Decades after dissolving, Oregon's most infamous cult is still garnering national attention.
Wild Wild Country, the six-part Netflix documentary series that chronicles the rise and fall of Oregon's Rajneesh cult via interviews with former members, just won an Emmy for Outstanding Documentary or Nonfiction Series.
In an announcement of the award, series' producers and brothers Mark and Jay Duplass tweeted an ecstatic shot of their trophies last night.
WILD WILD COUNTRY!!!!!!!!!!#Emmys! pic.twitter.com/hp22EOJ1yq
— Jay Duplass (@jayduplass) September 10, 2018
The show's central figure, Ma Anand Sheela, was less thrilled with the acclaim.
Sheela, the Rajneesh figurehead and mastermind behind a scheme to poison salad bars in The Dalles with salmonella, told Hollywood news media site Deadline that she had "no intention" of attending the awards show.

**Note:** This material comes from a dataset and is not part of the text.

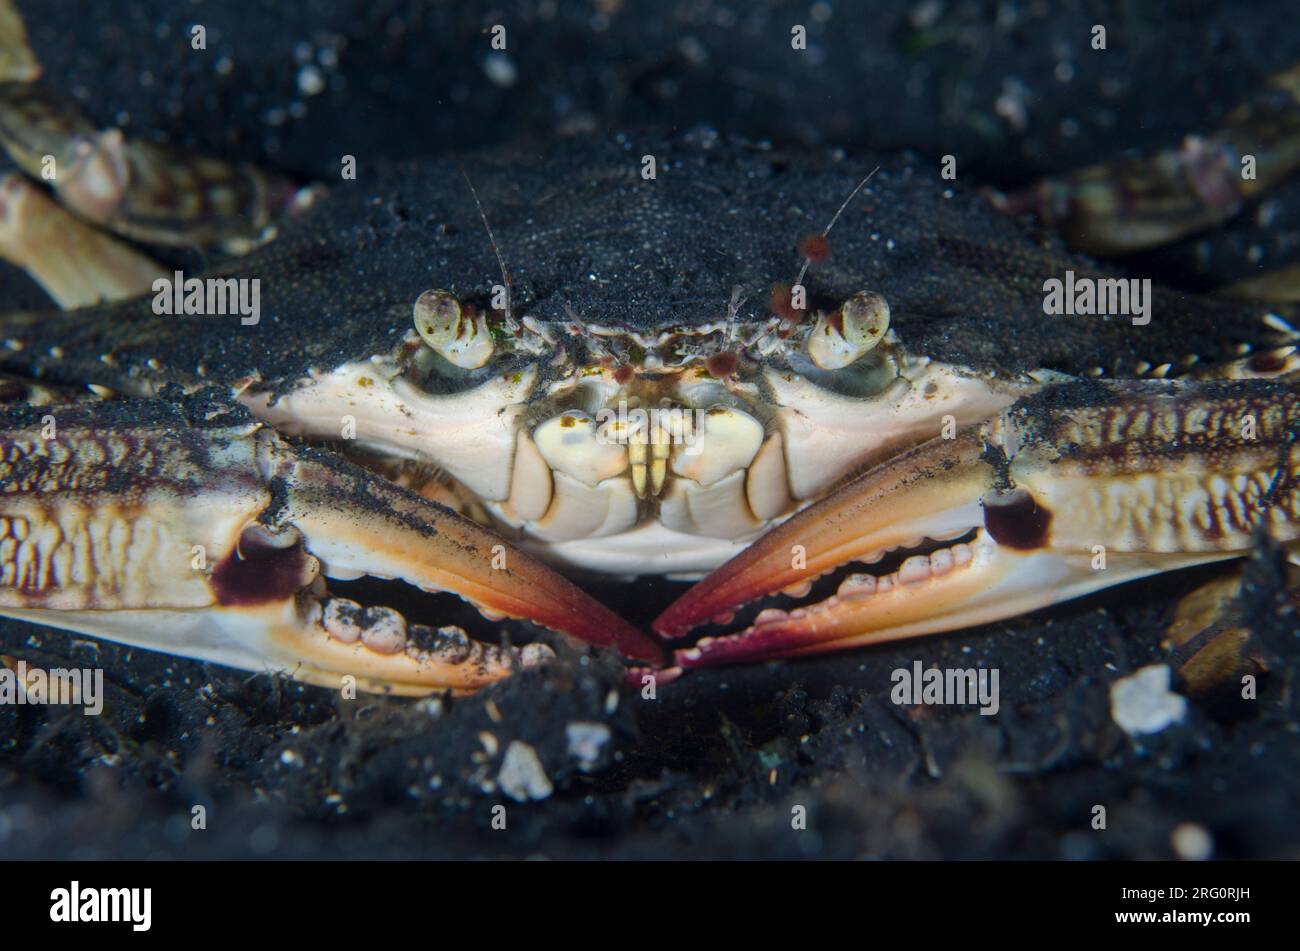 Swimming Crab, Portunus pelagicus, night dive, night dive, TK1 dive site, Lembeh Straits, Sulawesi, Indonesia Stock Photo

In fact, she says she hasn't even watched the series all the way through.
"I work still 12 to 13 hours a day," she told Deadline of her work operating two nursing homes in Switzerland. "And one doesn't have the luxury of looking at this film for seven hours or six hours, whatever it is…I fast-forwarded [through] it."
Wild Wild Country debuted in March and was filmed primarily in Antelope, Ore., near the site of the former Rajneesh compound. It beat four other documentary series— Blue Planet II, American Masters, The Defiant Ones and The Fourth Estate—for the award.